Translation Memory
A Translation Memory (TM) is a database that stores translation units, which are segments of source text paired with their corresponding translations in different languages. It improves and speeds up the translation process by providing suggestions for identical or similar strings in your projects. A project TM is created automatically for each Crowdin project, and each translation made within the project is automatically added to this TM.
Creating TM
In addition to the project TMs that are automatically created with each project, you can create separate TMs and populate them with content by uploading your existing TMs in TMX, XLSX, or CSV formats. These TMs can then be assigned to the relevant projects as needed.
To create a TM, follow these steps:
- Open your profile home page and select Translation Memories on the left sidebar.
- Click Create TM.
- In the appeared dialog, name your TM and select a default language that will be displayed first in the table of translation units.
- (Optional) Assign the TM to the needed projects.

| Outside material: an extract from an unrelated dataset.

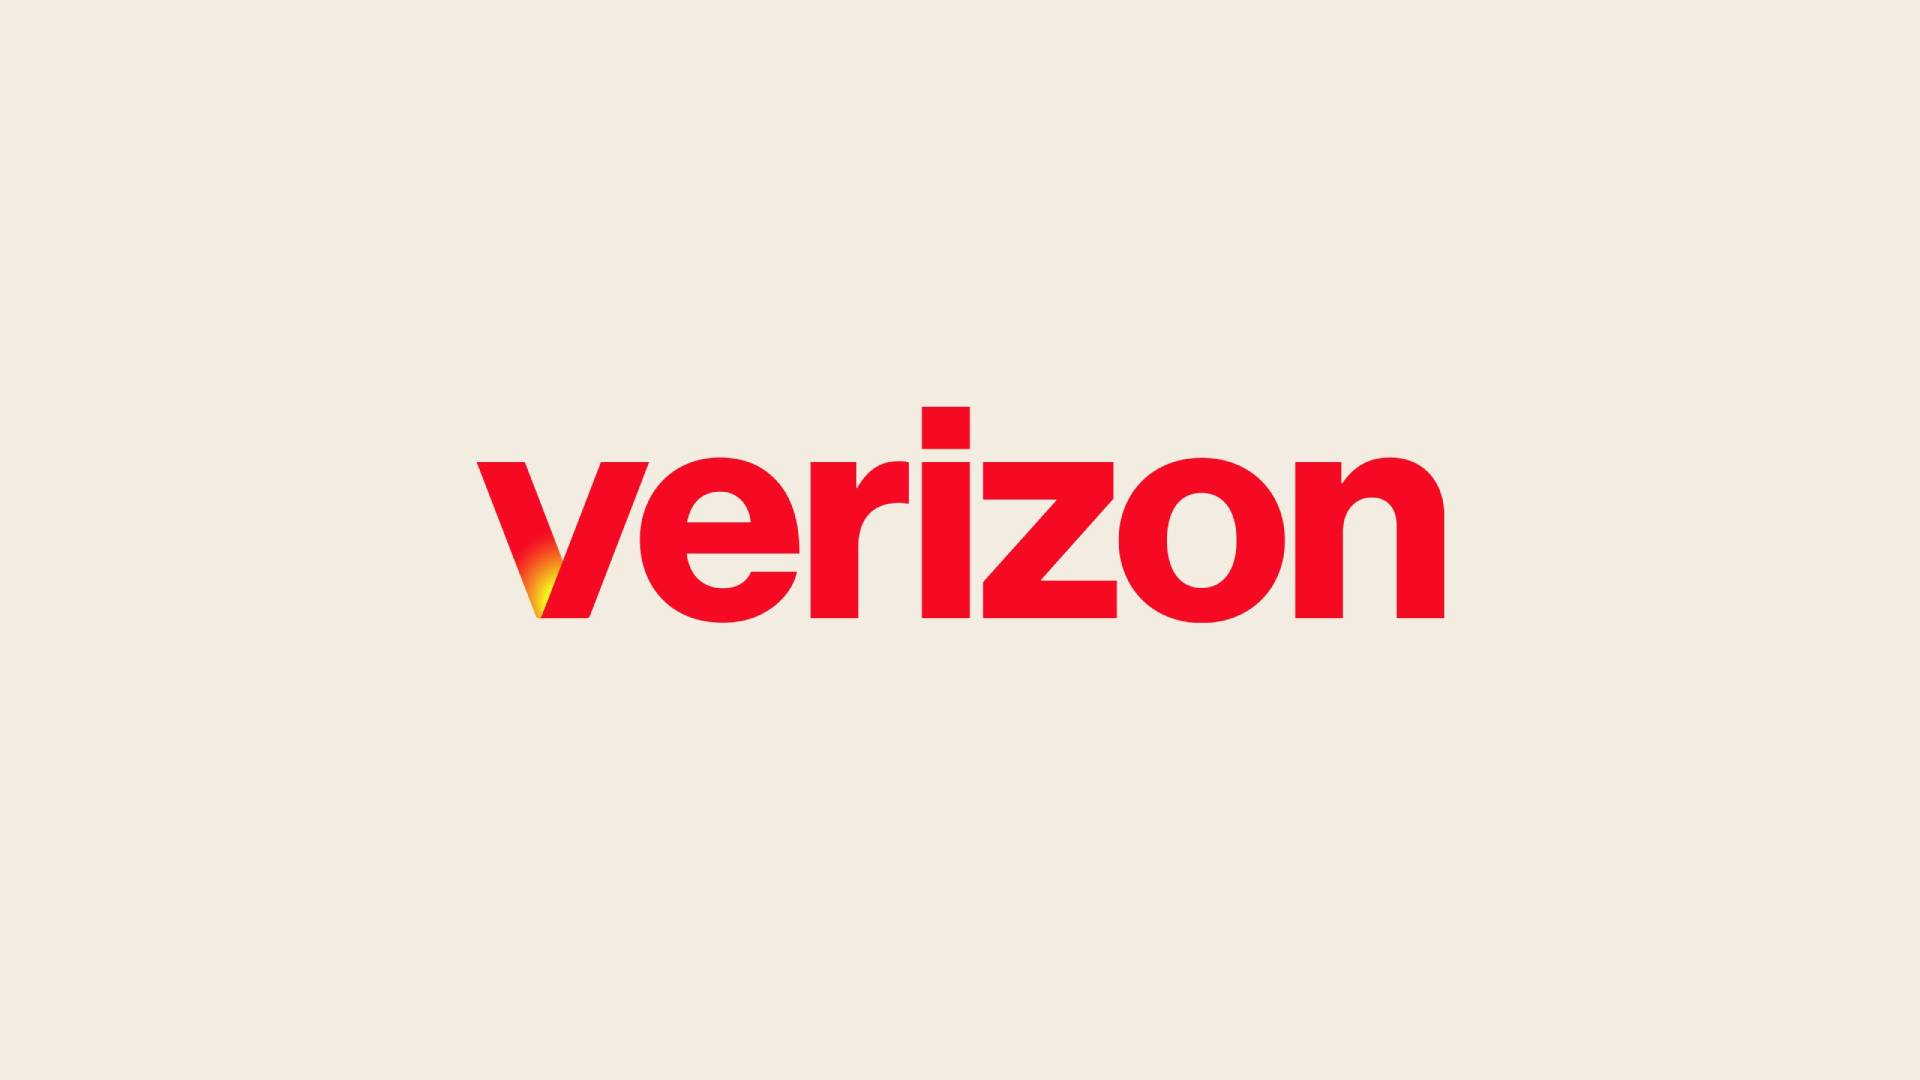 Verizon updated logo stock photo

You can skip this step and assign a TM later.
- Click Create.
Managing Translation Units and Segments
You can create translation units from scratch, edit and delete existing translation units or segments of a particular TM or all available TMs.
Creating Translation Units
To create a translation unit, follow these steps:
- Open your profile home page and select Translation Memories on the left sidebar. Alternatively, open your project and go to Settings > Translation Memories.
- Select the needed TM and click View Records.
- Click Add Translation Unit.
- In the appeared dialog, select the language from the drop-down menu and type the translation of the segment.
- Click Add segment to add more translations for the translation unit.
- Click Create.
Viewing and Filtering Translation Units and Segments
Once you open a translation memory, you can view and filter its translation units and segments using either the Translation Units or Segments pages.
On the Translation Units page, you can view TM content grouped as translation units (one translation unit per row, each segment displayed in a separate language column).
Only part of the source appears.